[Exercise materials Boundary: Start]
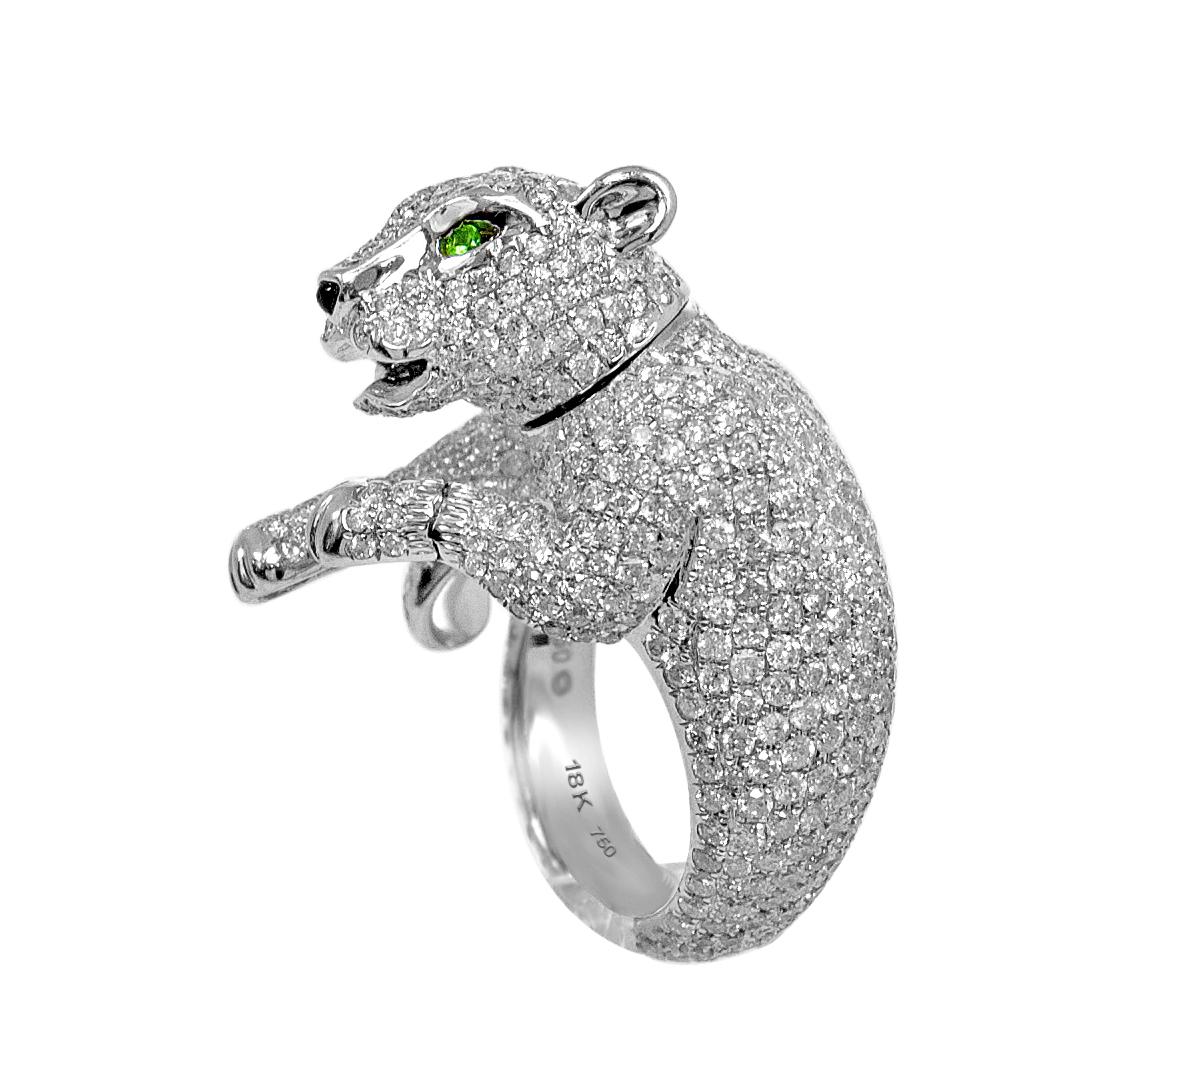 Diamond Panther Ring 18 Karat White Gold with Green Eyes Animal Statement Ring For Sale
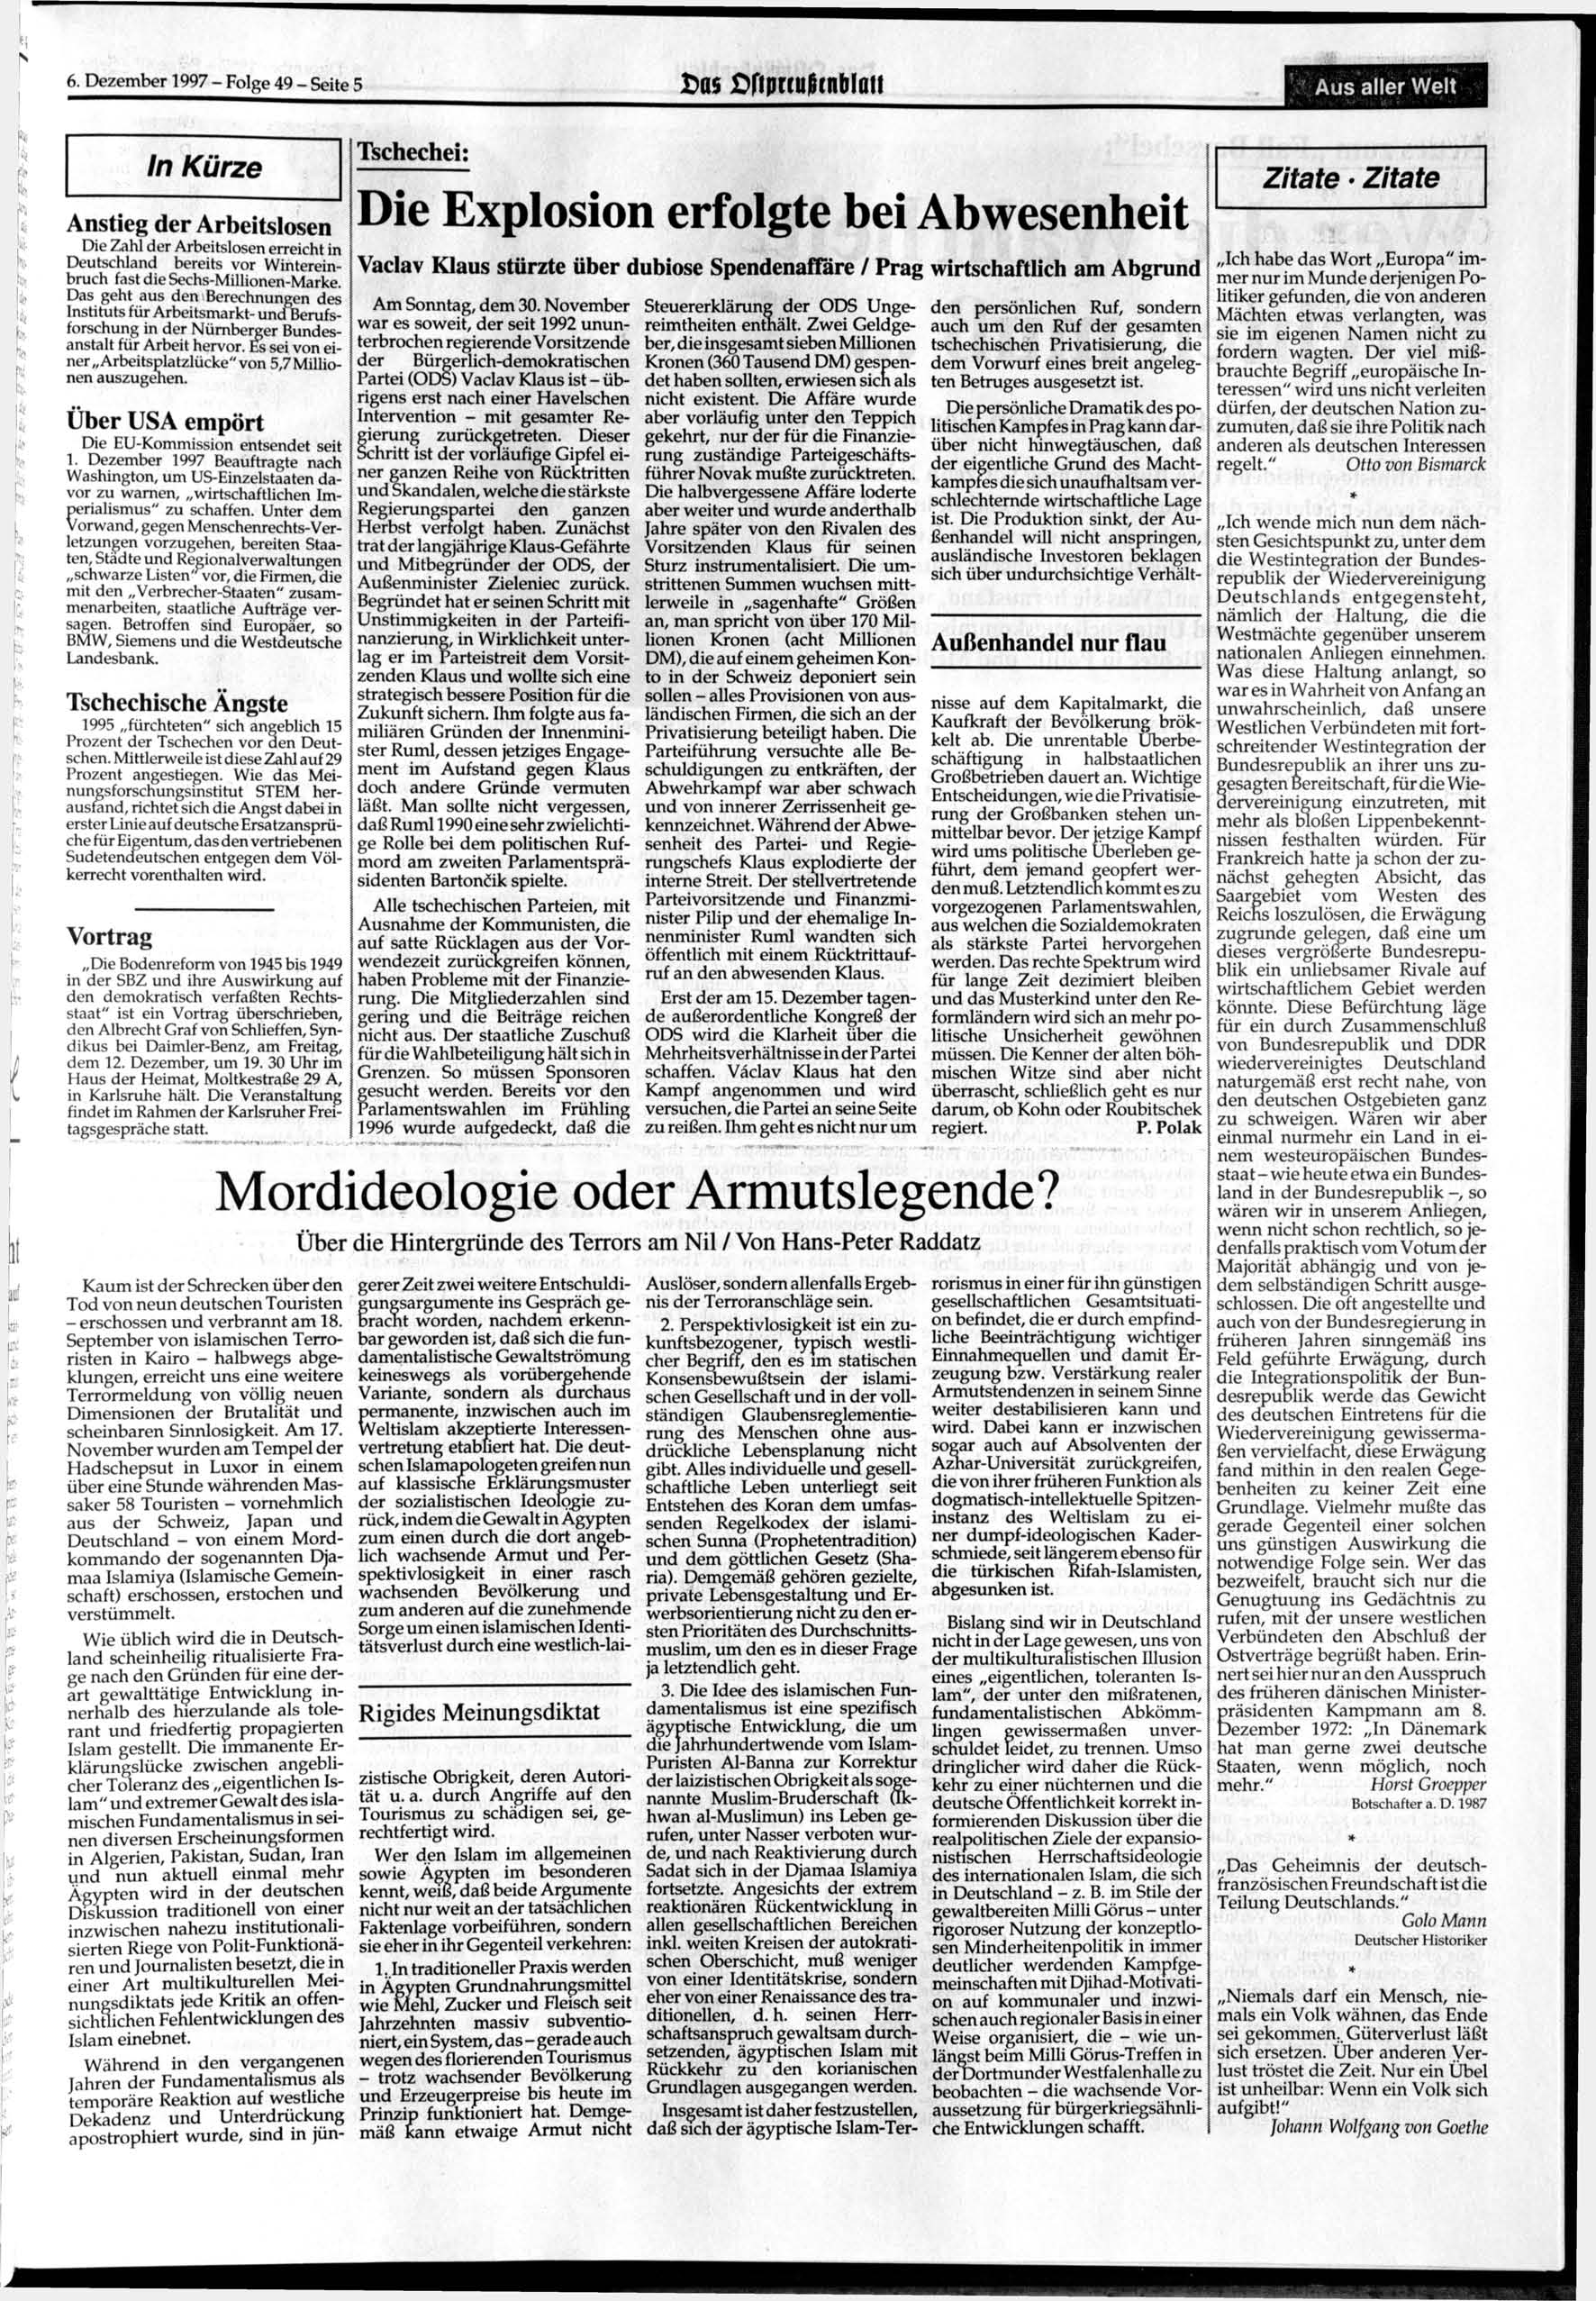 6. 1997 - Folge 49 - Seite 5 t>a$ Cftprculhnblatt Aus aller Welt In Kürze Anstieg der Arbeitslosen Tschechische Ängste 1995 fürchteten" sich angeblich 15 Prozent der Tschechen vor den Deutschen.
[Exercise materials Boundary: End]
[Exercise materials Boundary: Start]
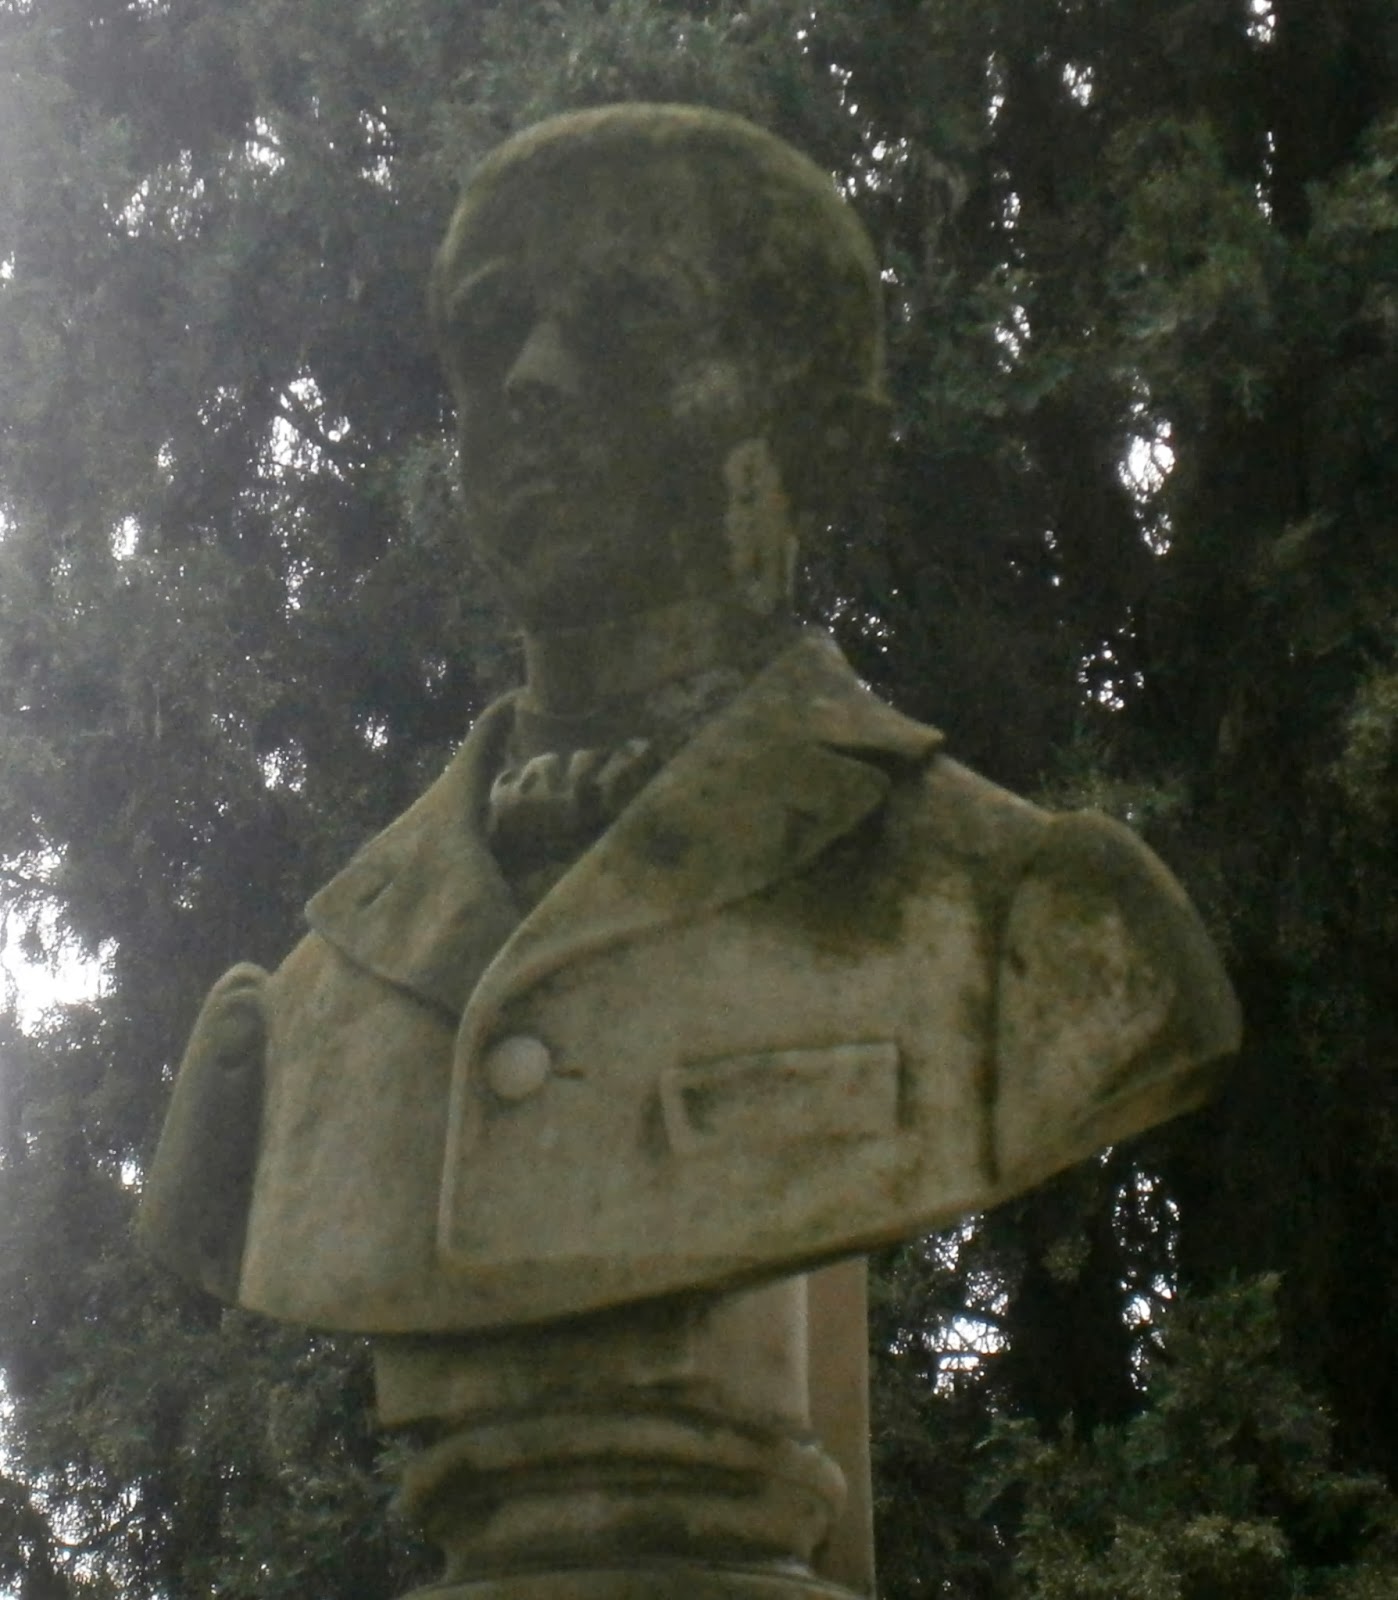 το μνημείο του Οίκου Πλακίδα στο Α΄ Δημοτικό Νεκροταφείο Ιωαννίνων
[Exercise materials Boundary: End]
Look above for the line with "Diamond Panther Ring", then give again exactly every line from there through the line with "6. 1997 - Folge", skipping the pictures.

(Response to this exercise):
 Diamond Panther Ring 18 Karat White Gold with Green Eyes Animal Statement Ring For Sale
 6. 1997 - Folge 49 - Seite 5 t>a$ Cftprculhnblatt Aus aller Welt In Kürze Anstieg der Arbeitslosen Tschechische Ängste 1995 fürchteten" sich angeblich 15 Prozent der Tschechen vor den Deutschen.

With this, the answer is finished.